§ **INSTRUCTIONS FOR THE TASK**: What follows is a listing; repeat exactly, and only, its lines from the one holding "Avesta 3 Seater" through the last, leaving any pictures out.

§ **INFORMATION SUPPLIED**:
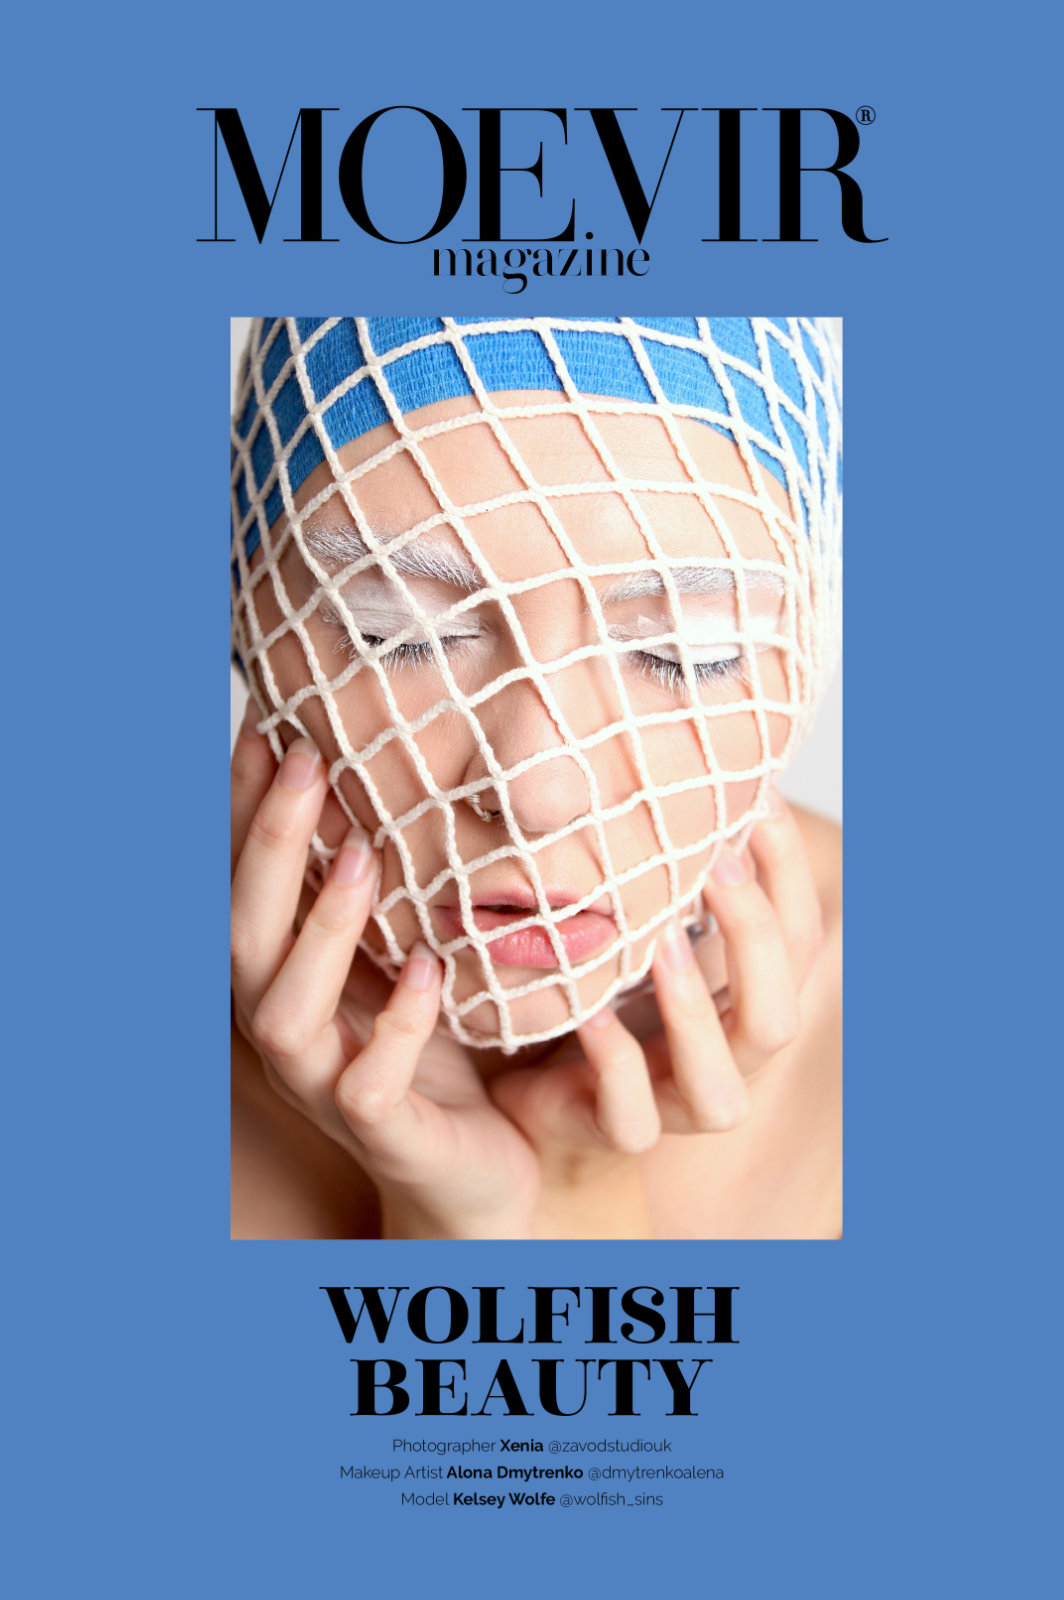 Preview image for post: Wolfish beauty ft. Makeup Artist Alona Dmytrenko | Moevir Magazine - November Issue 2022
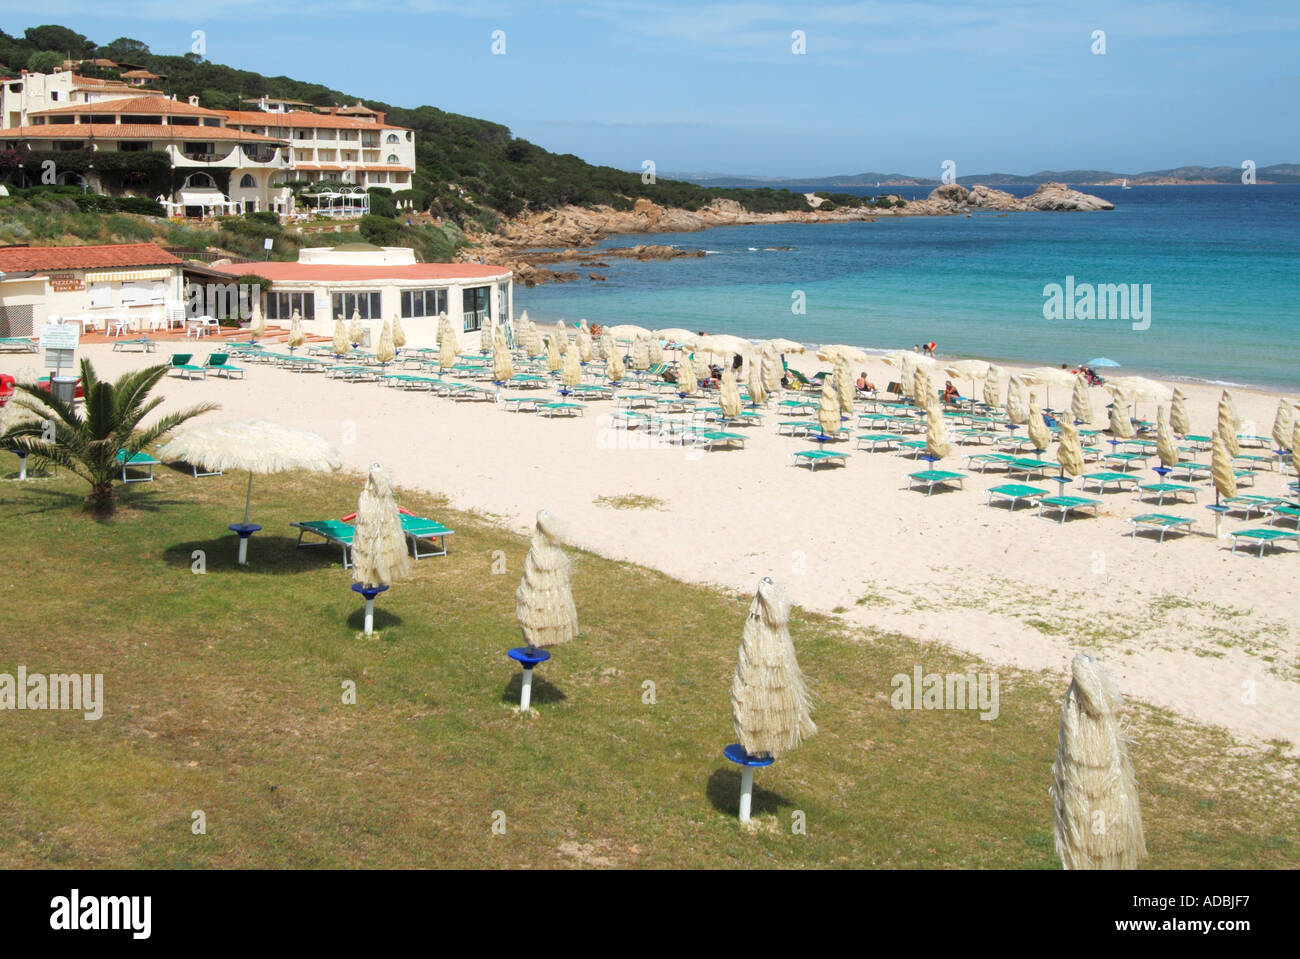 Baia Sardinia piccola stazione balneare moderna spiaggia Foto Stock
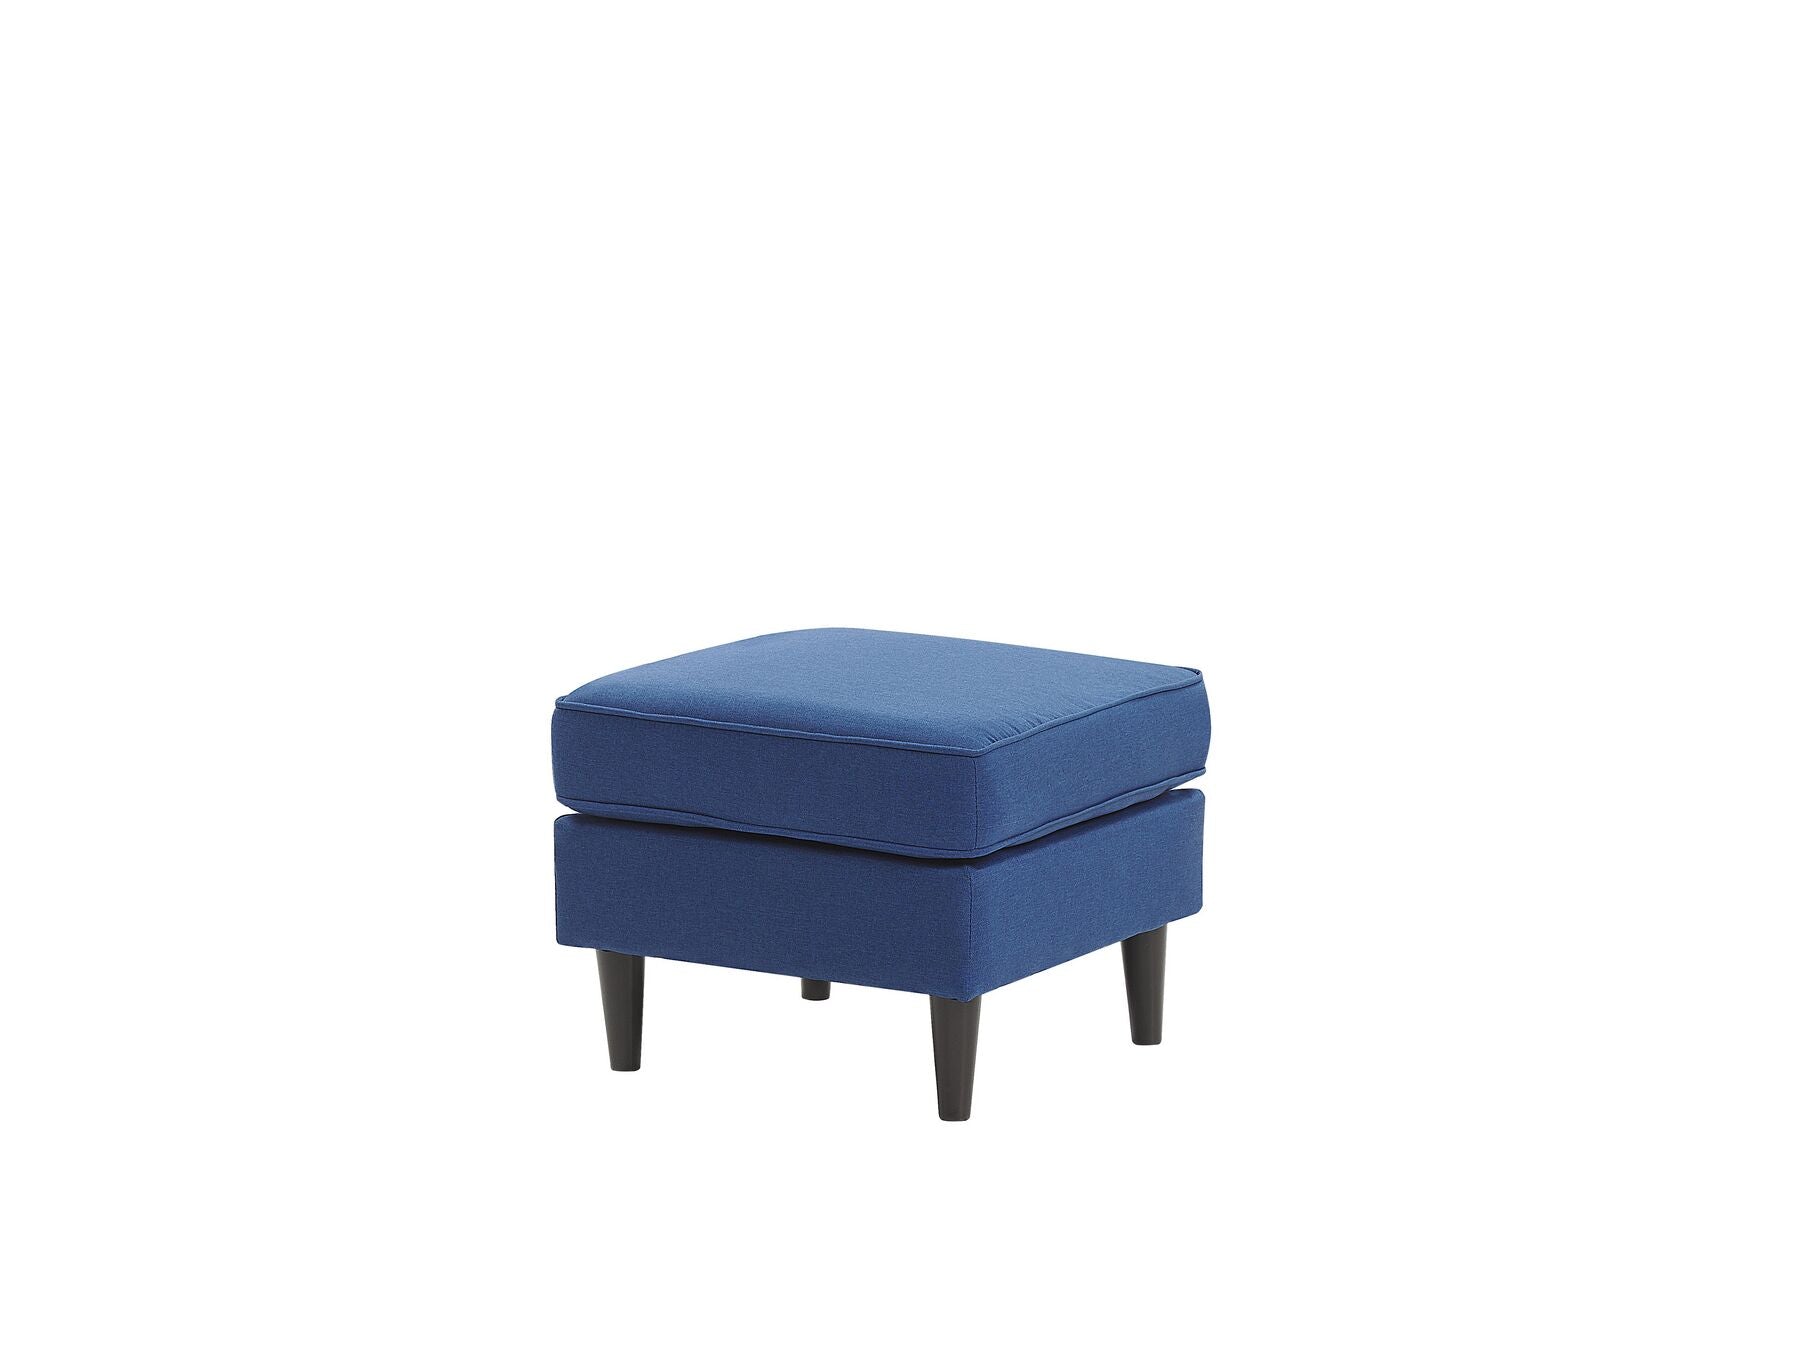 Avesta 3 Seater Fabric Sofa with Ottoman (Blue)
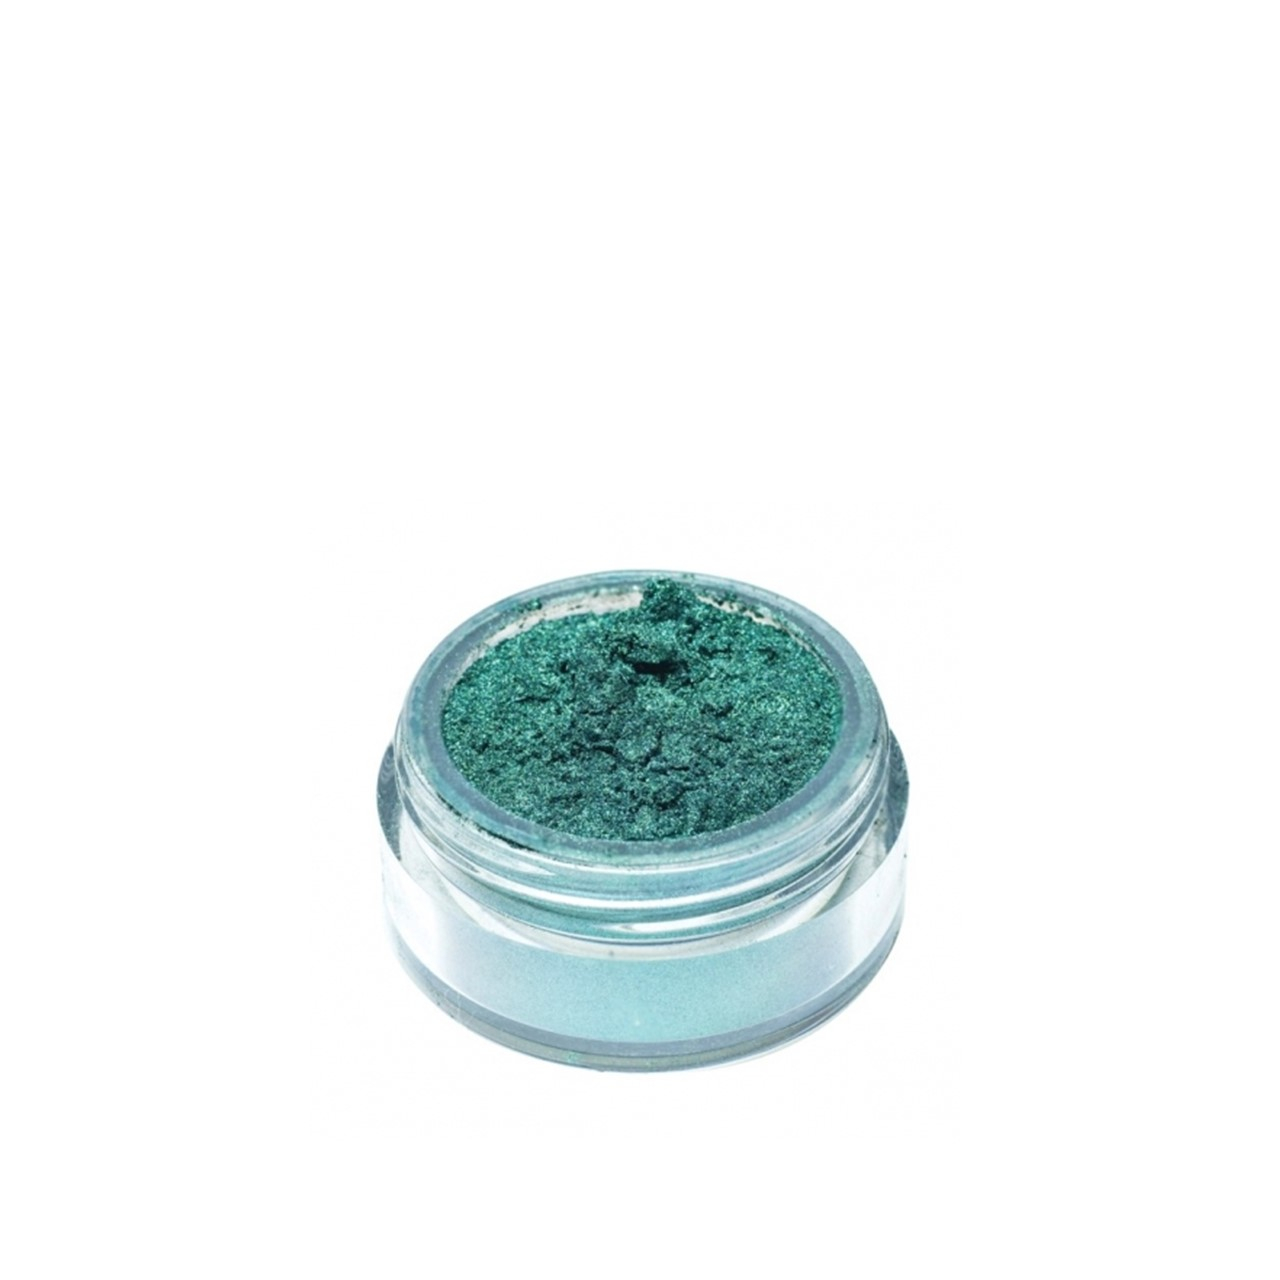 Neve Cosmetics Mineral Eyeshadow Costa Smeralda 2g

§ **YOUR RESPONSE**:
 Avesta 3 Seater Fabric Sofa with Ottoman (Blue)
 Neve Cosmetics Mineral Eyeshadow Costa Smeralda 2g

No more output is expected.